CROSS-REFERENCE TO RELATED APPLICATION

The present application claims the benefit of priority of U.S. Provisional Patent Application No. 62/932,186 filed on Nov. 7, 2019, the entire contents of which are hereby incorporated by reference in their entirety for all purposes.

FIELD

The presently-disclosed invention relates generally to vascular endografts and methods of making and using the same, and more particularly to vascular endografts providing improved blood turbulence and clotting while minimizing endoleaks and methods of making and using the same.

BACKGROUND

The traditional repair of abnormal bulging (aneurysm) of blood vessels is to resect (remove) the diseased portion and replace it with a synthetic vascular graft. Because this usually requires opening of a body cavity and performing a major operation with considerable surgical trauma, in recent decades the technique of endovascular repair (EVAR) has been developed. In the course of EVAR a fabric-covered stent-graft is put in place using a special catheter, inserted through a puncture-hole on the skin and put in place under X-ray control.

The endograft reinforces the area of the vessel (usually the aorta) which is weakened due to an aneurysm. FIG. 1 illustrates a conventional endograft 1 positioned in a vessel V exhibiting aneurysm A. The endograft 1 may also be applied in areas which are not dilated but weakened by other pathology, including dissection. The endograft 1 provides a path for the blood flow B and at the same time is intended to prevent the blood from reaching, and the blood pressure from rupturing, the weakened portion of the vessel wall. After implantation, a dead-space is present between the endograft 1 and the wall of the aneurysm. This dead-space is usually filled with the stagnant blood forming a clot C, encapsulated between the area between the endograft 1 and the wall of the vessel. Similarly, if the endograft 1 is placed in a vessel segment with irregular inside layer portions of ulcerations or other irregularities, those irregularities are expected to be excluded from circulation by EVAR and filled with clotted blood or fibrin. Eventually, the uneven surfaces promote the presence of platelets and in general clotting. Fibrosis ensues later. In this way, the aneurysmal sac surrounding portions of the endograft are eliminated, which promotes positive remodeling.

The principal complication of EVAR is endoleak, i.e. some amount of blood flow (labeled B′ in FIG. 1) still reaches the area between the endograft and the vessel wall. This can occur either around the fixation sites (or landing zones) or by collateral flow, which may reach the aneurysm from tributaries. Such a situation may prevent the formation of an occlusive clot and could lead to rupture of the aorta or other serious complications. The surface of the conventional endograft 1 facing the excluded portion of the aorta is smooth, which is unfavorable to clot formation.

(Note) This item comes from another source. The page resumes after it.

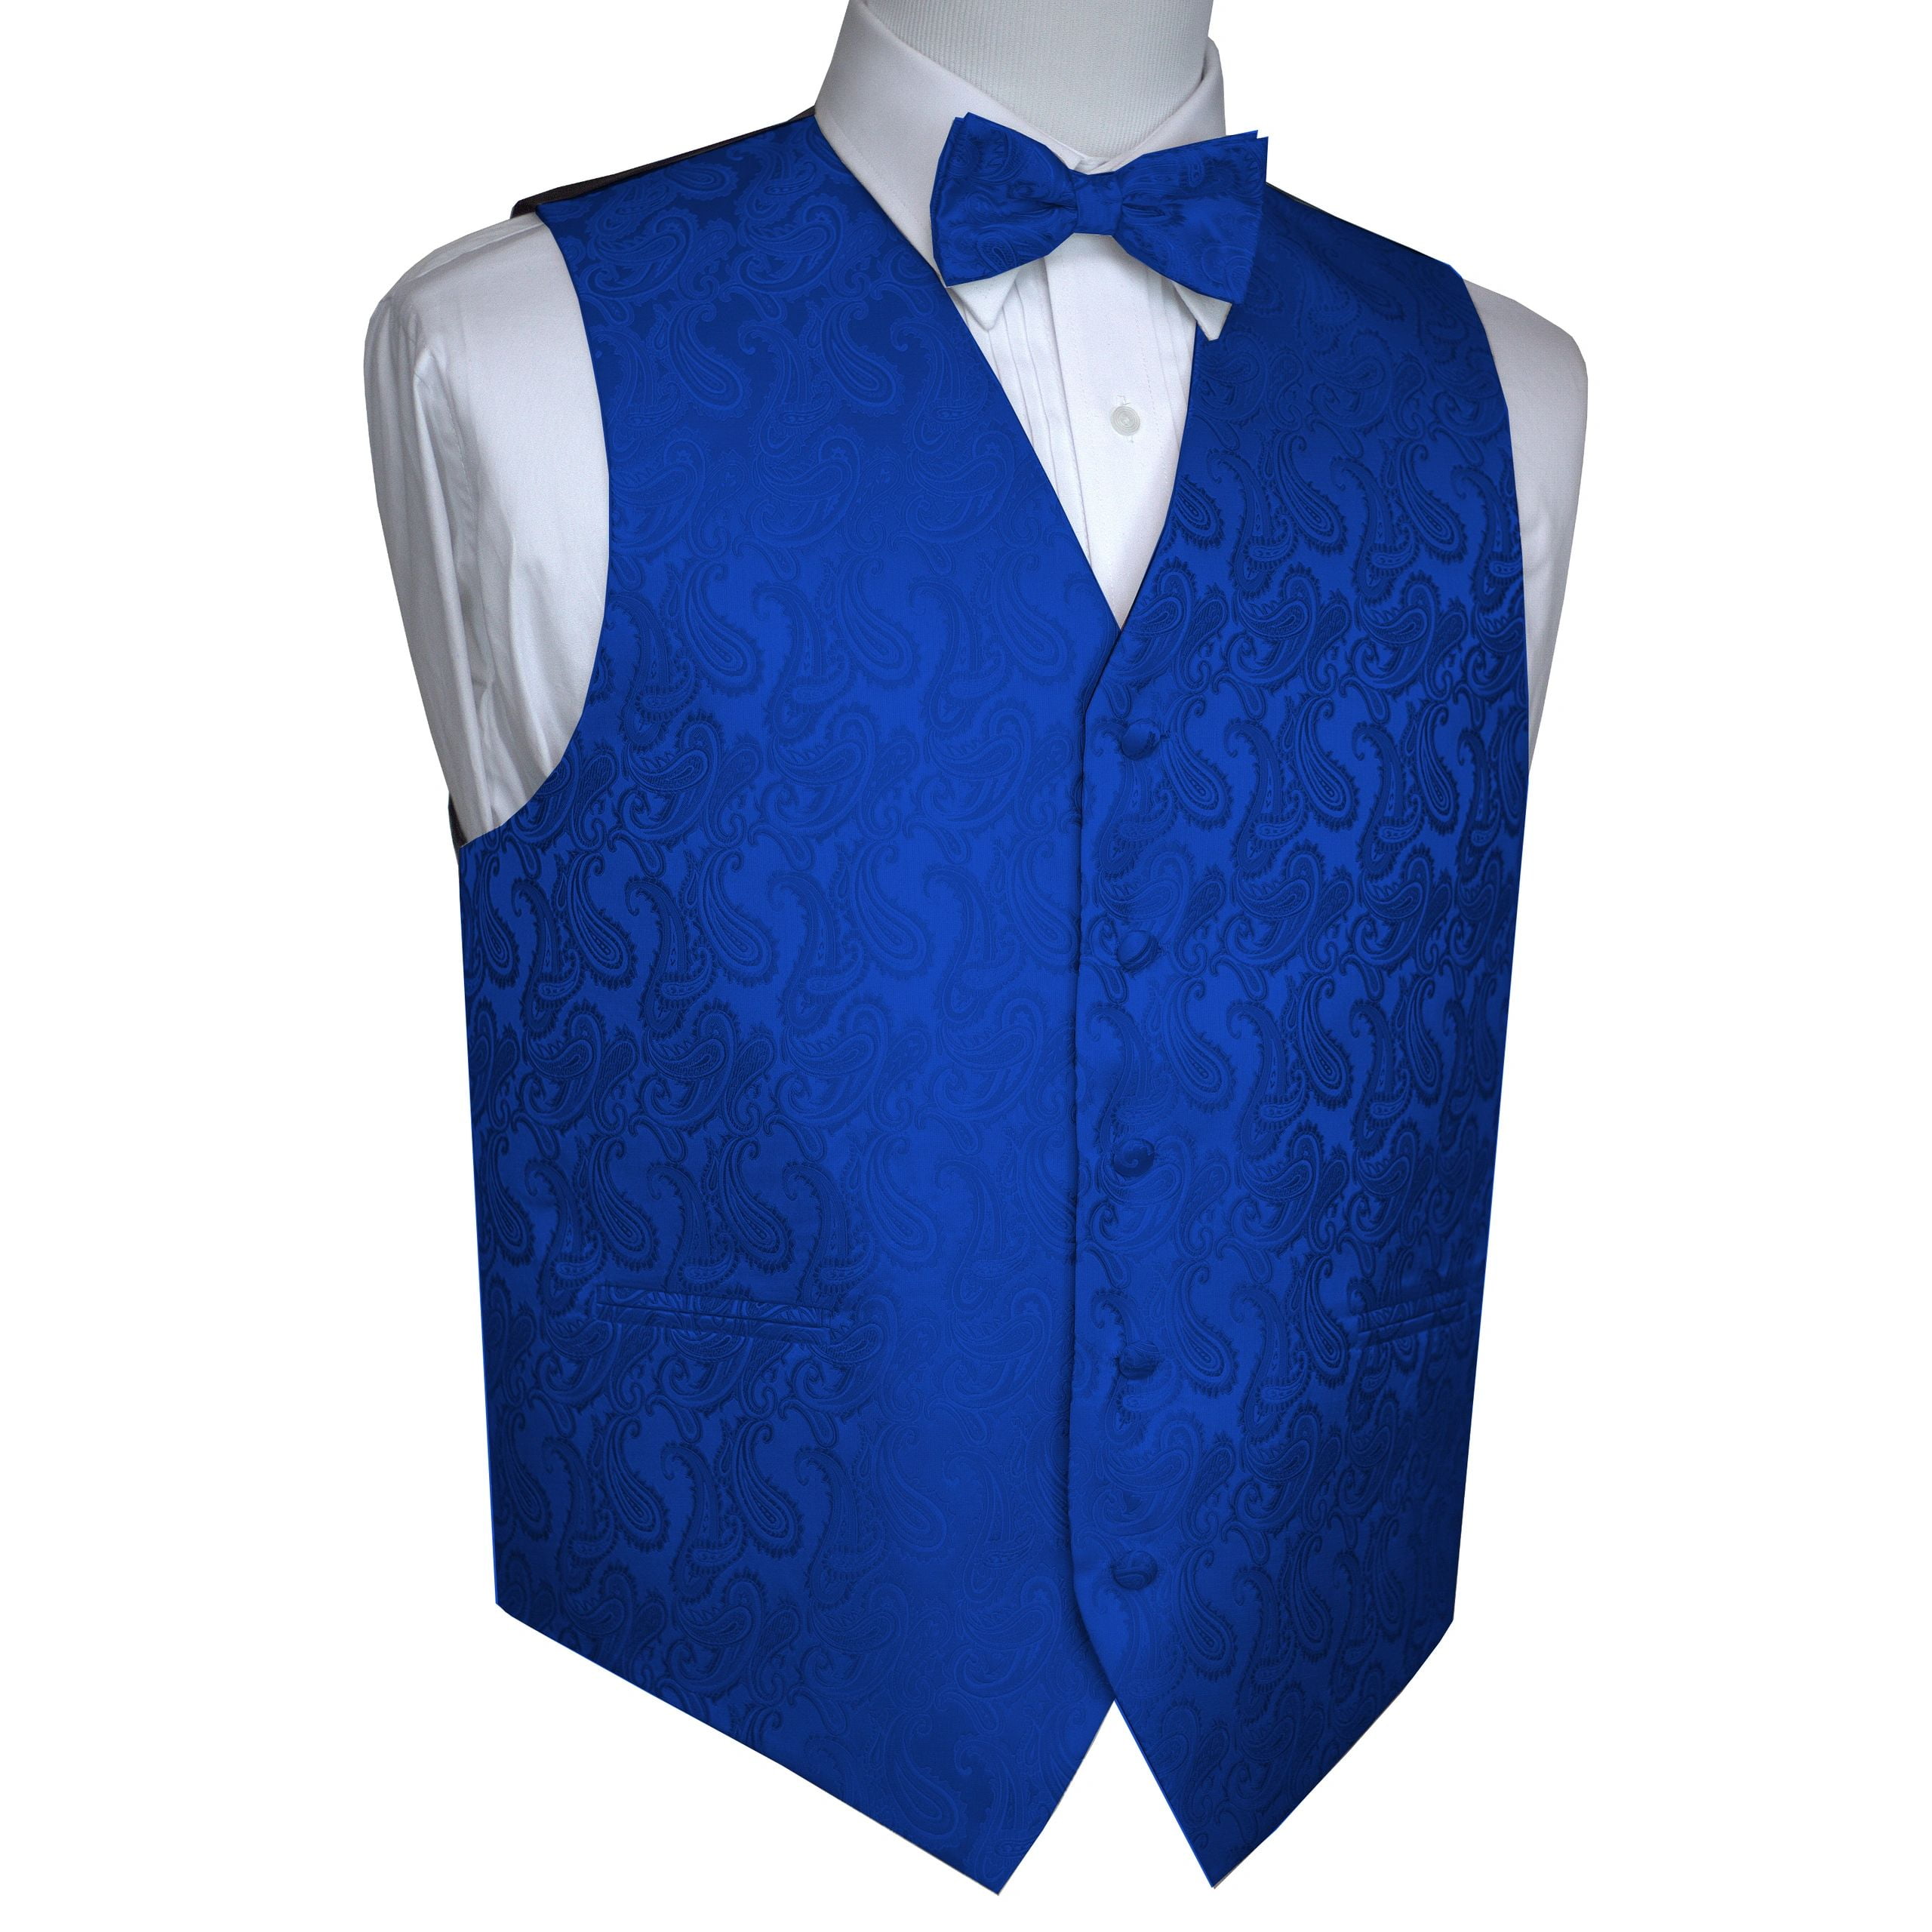 New Brand Q Men's Vest Tuxedo Waistcoat_Necktie & Hankie Set royal blue XS-6XL

Accordingly, there still exists a need for an endograft that minimizes endoleaks and/or encourages blood turbulence, clotting, and/or positive remodeling of the vessel wall.

BRIEF SUMMARY

One or more embodiments of the invention may address one or more of the aforementioned problems. Certain embodiments according to the invention provide vascular endografts that minimize endoleaks and/or encourage blood turbulence, clotting, and/or positive remodeling of the vessel wall. In particular, according to a first aspect of the invention, an endograft is provided, the endograft being configured to be positioned within a diseased portion of a blood vessel. The endograft comprises an elongated body defining a lumen configured to allow blood to flow therethrough and further defining an exterior surface, and a plurality of bristles extending outwardly from the exterior surface of the elongated body. In an instance in which the endograft is positioned within a blood vessel at a location corresponding to a blood vessel pathology, the bristles encourage positive remodeling of the blood vessel.

According to certain embodiments, the elongated body may comprise a mesh frame covered in fabric. In some embodiments, the mesh frame may comprise nitinol. In further embodiments, the fabric may comprise expanded polytetrafluoroethylene.

According to certain embodiments, the plurality of bristles may be integral to the exterior surface of the elongated body. In other embodiments, the plurality of bristles may be attached to the elongated body.

According to certain embodiments, the elongated body may define a first end and a second end, and the plurality of bristles may extend outwardly from the exterior surface of the elongated body from the first end to the second end of the elongated body. In other embodiments, the elongated body may define a first end and a second end, and the plurality of bristles may extend outwardly from the exterior surface of the elongated body only proximate the first end and the second end of the elongated body.

According to certain embodiments, the plurality of bristles may comprise bristles of unequal lengths. In some embodiments, the plurality of bristles may comprise nitinol, expanded polytetrafluoroethylene, polytetrafluoroethylene, or stainless steel.

According to certain embodiments, the blood vessel may be an aorta. In some embodiments, the blood vessel pathology may be an aneurysm. In other embodiments, the blood vessel pathology may be an aortic dissection.

According to certain embodiments, the endograft may be a branched endograft, and the elongated body may define at least a first lumen and a second lumen.

In a second aspect of the invention, a method of encouraging positive remodeling of a diseased portion of a blood vessel is provided. The method comprises positioning an endograft within the diseased portion of the blood vessel. The endograft comprises an elongated body defining a lumen configured to allow blood to flow therethrough and further defining an exterior surface, and a plurality of bristles extending outwardly from the exterior surface of the elongated body. The plurality of bristles is configured to facilitate clotting of blood flowing thereby.

According to certain embodiments, positioning the endograft within the diseased portion of the blood vessel may comprise positioning the endograft within an aortic dissection. In other embodiments, positioning the endograft within the diseased portion of the blood vessel may comprise positioning the endograft within an aneurysm.

In a third aspect of the invention, a method of making an endograft is provided. The method comprises forming an elongated body defining a lumen configured to allow blood to flow therethrough, and providing a plurality of bristles extending outwardly from the exterior surface of the elongated body. The plurality of bristles is configured to facilitate clotting of blood flowing thereby to encourage positive remodeling of a diseased portion of a blood vessel within which the endograft is positioned.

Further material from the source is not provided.